Why the DoD Is Building a State-of-the-Art Military Health Records System
The U.S. Department of Defense is embarking on an ambitious yet much-needed campaign to update their Electronic Health Record system.
Any knowledgeable business owner will tell you that organization and proper planning are both key when it comes to running a successful company. An ability to properly manage disposable resources and account for future increases in demand is largely what separates brands that have become household names — think Google and Amazon — from the companies that have simply gotten lost in the shuffle.
Healthcare IT News reported that the Department of Defense (DoD) took on the enormous task of modernizing its antiquated Electronic Health Record (EHR) system. The update is long overdue, and, as a result, has quickly become a tedious and expensive process — for reference, the price tag is expected to reach $11 billion when all is said and done.
But that doesn’t mean the project isn’t crucial, as it will allow the DoD to vastly improve its infrastructure and services, and ultimately keep its IT functions operational for years to come.
As far as business-related IT infrastructures go, the DoD’s system overhaul is a strong example of the benefits of proper organization and capacity planning. The data in the EHR contains 9.7 million beneficiaries and services in 2300 locations around the world. For a system this complex and valuable to its users, operational efficiency is of the utmost importance.
One specific measure taken by the DoD has been to consolidate information for the purposes of improving virtual systems management, thereby expanding bandwidth to boost throughput capacity and keep services running smoothly.
Military Health System CIO David Bowen says the primary goal is to “support our medical teams and administrators across the Military Health system with reliable tools to support patient safety, high-quality care, and access to care when they need it.”
A Better System for Today and Tomorrow
According to Mayo Clinic, what the DoD has realized is that, as the telehealth market continues to expand, the EHR must remain in-step with these new, technological developments in order to cope with growing demand and provide the best possible service to its users.
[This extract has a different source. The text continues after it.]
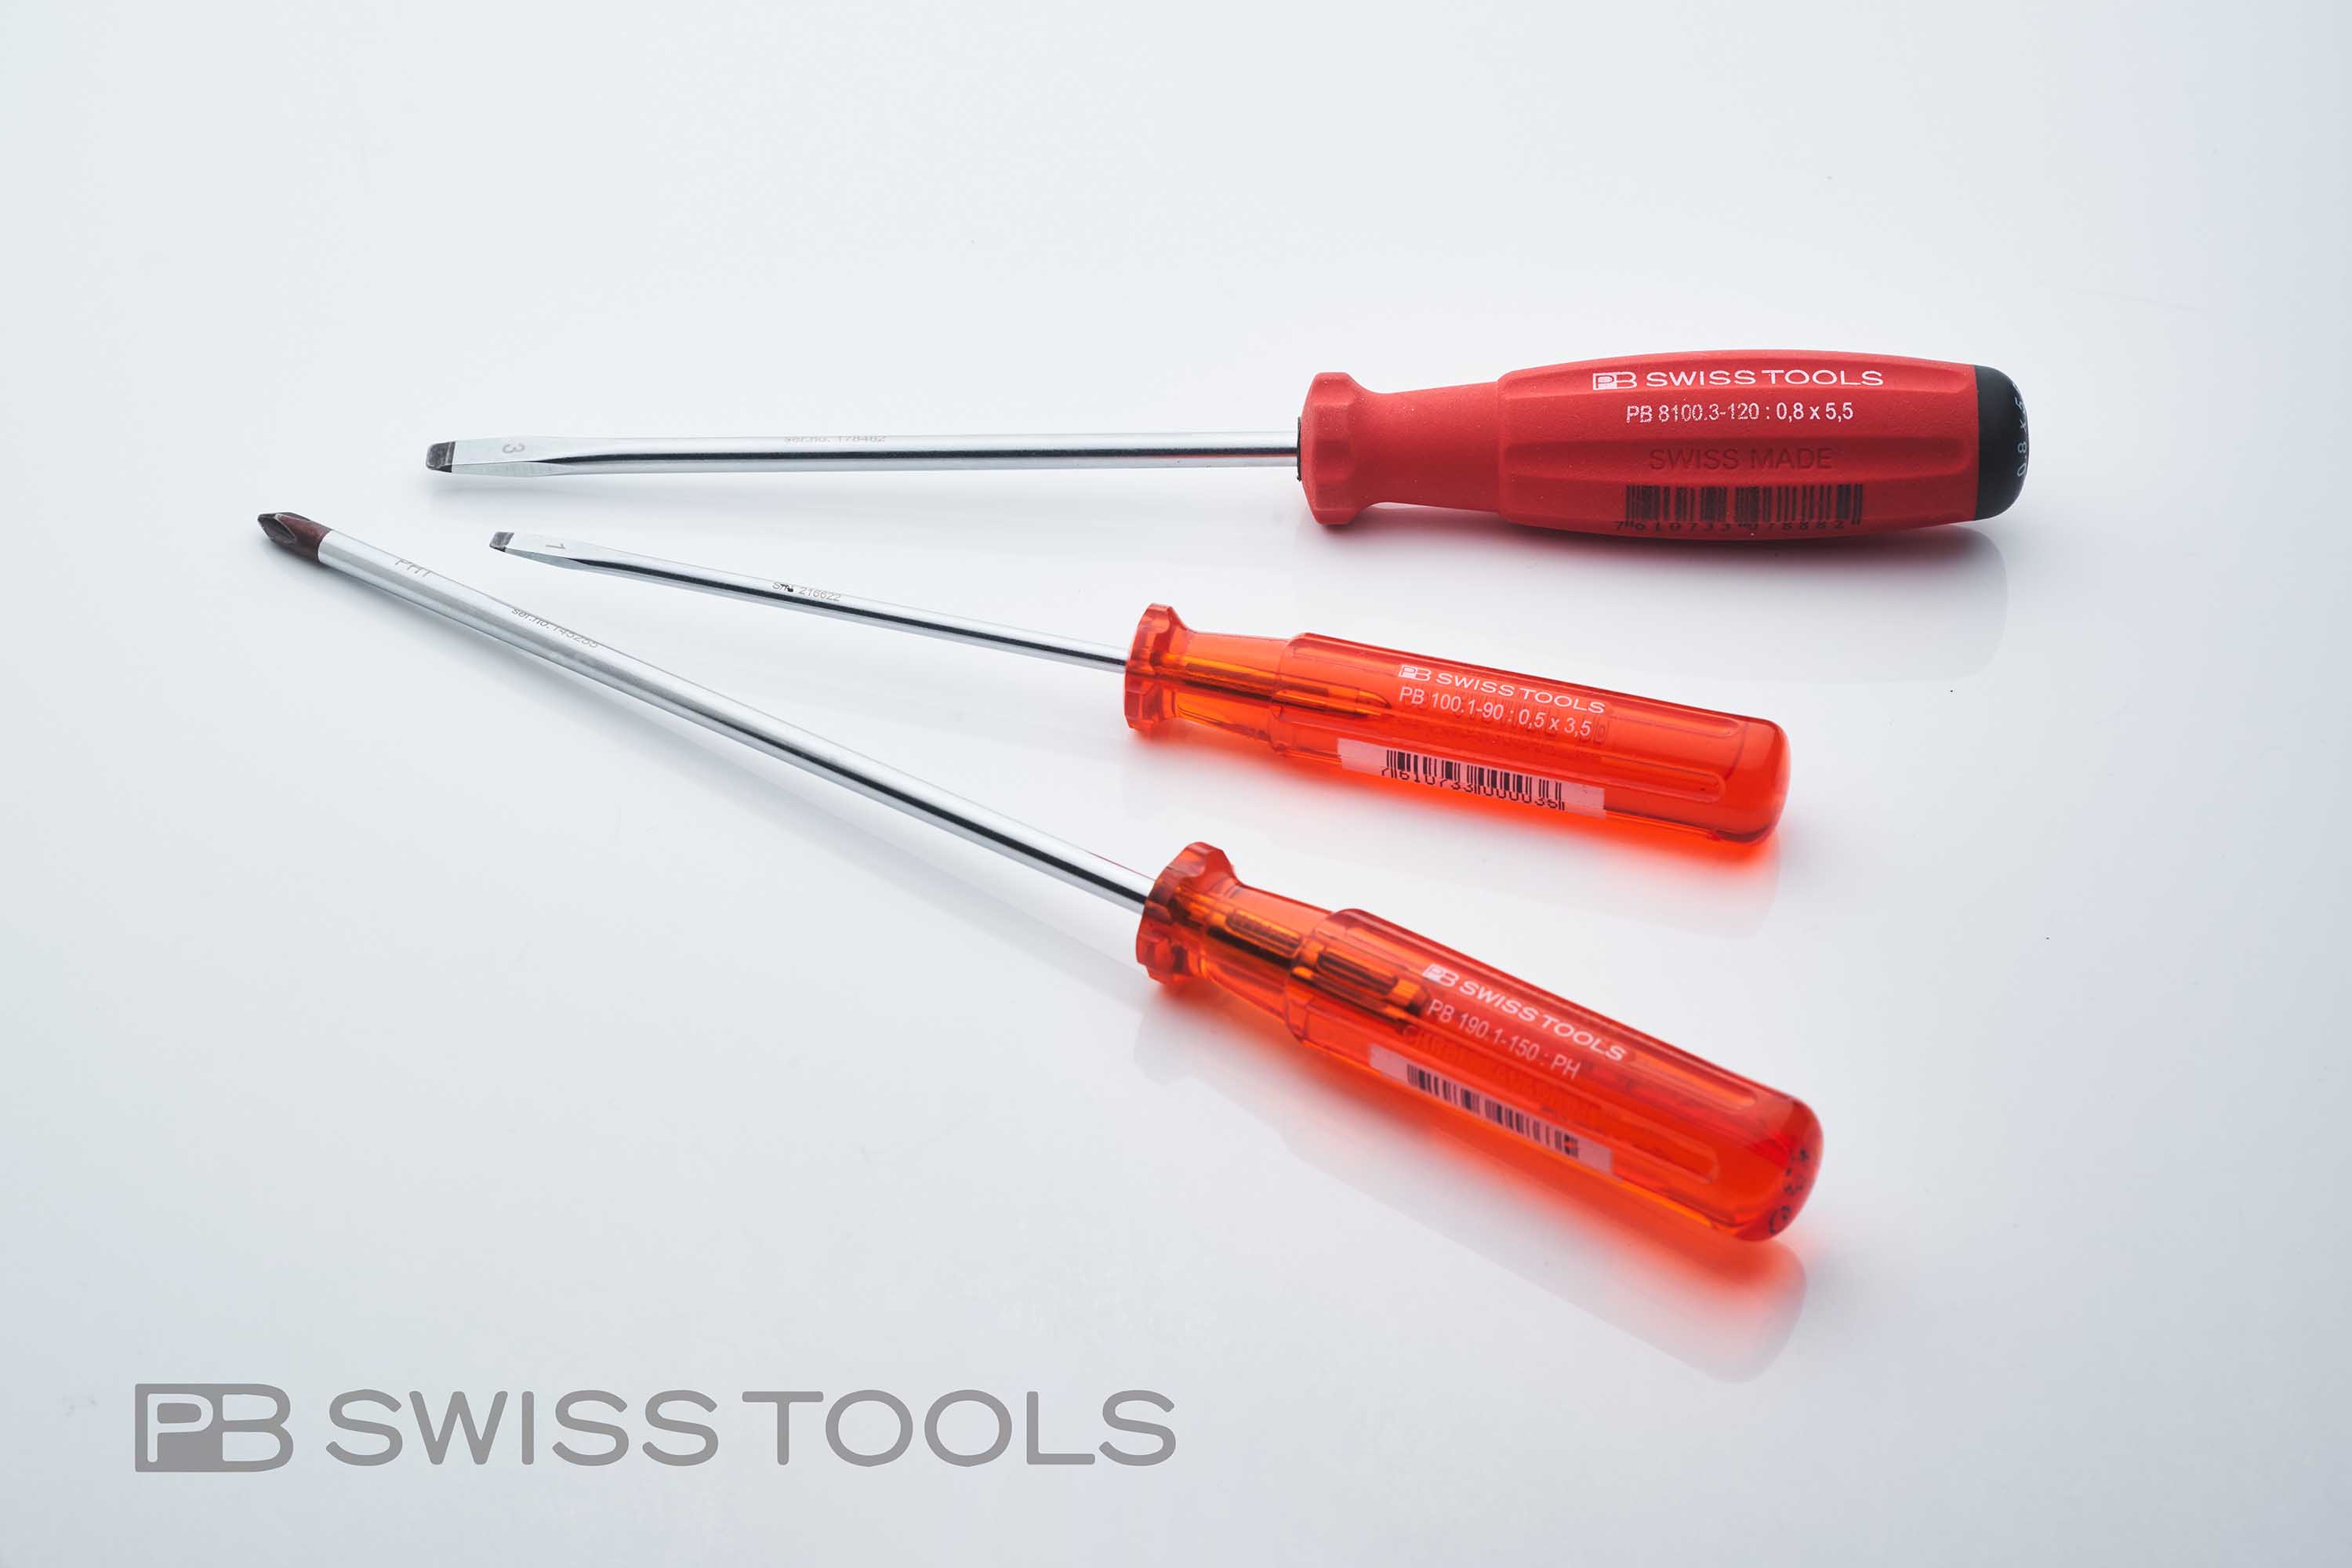 PB Swiss Toolsドライバーのこと、あれこれ。 | 使える機材 Blog！

This new update will enhance the system’s compatibility with current and future technologies, ensuring its ongoing viability in a constantly shifting tech landscape.
But the new EHR won’t just be more adaptable and easier to navigate — it’s also expected to cut annual costs substantially (the campaign already saved the DoD about $236 million in 2014). If this project has made anything clear, it’s that the time and money you invest in updating your IT infrastructure today will pay you back tomorrow — and then some.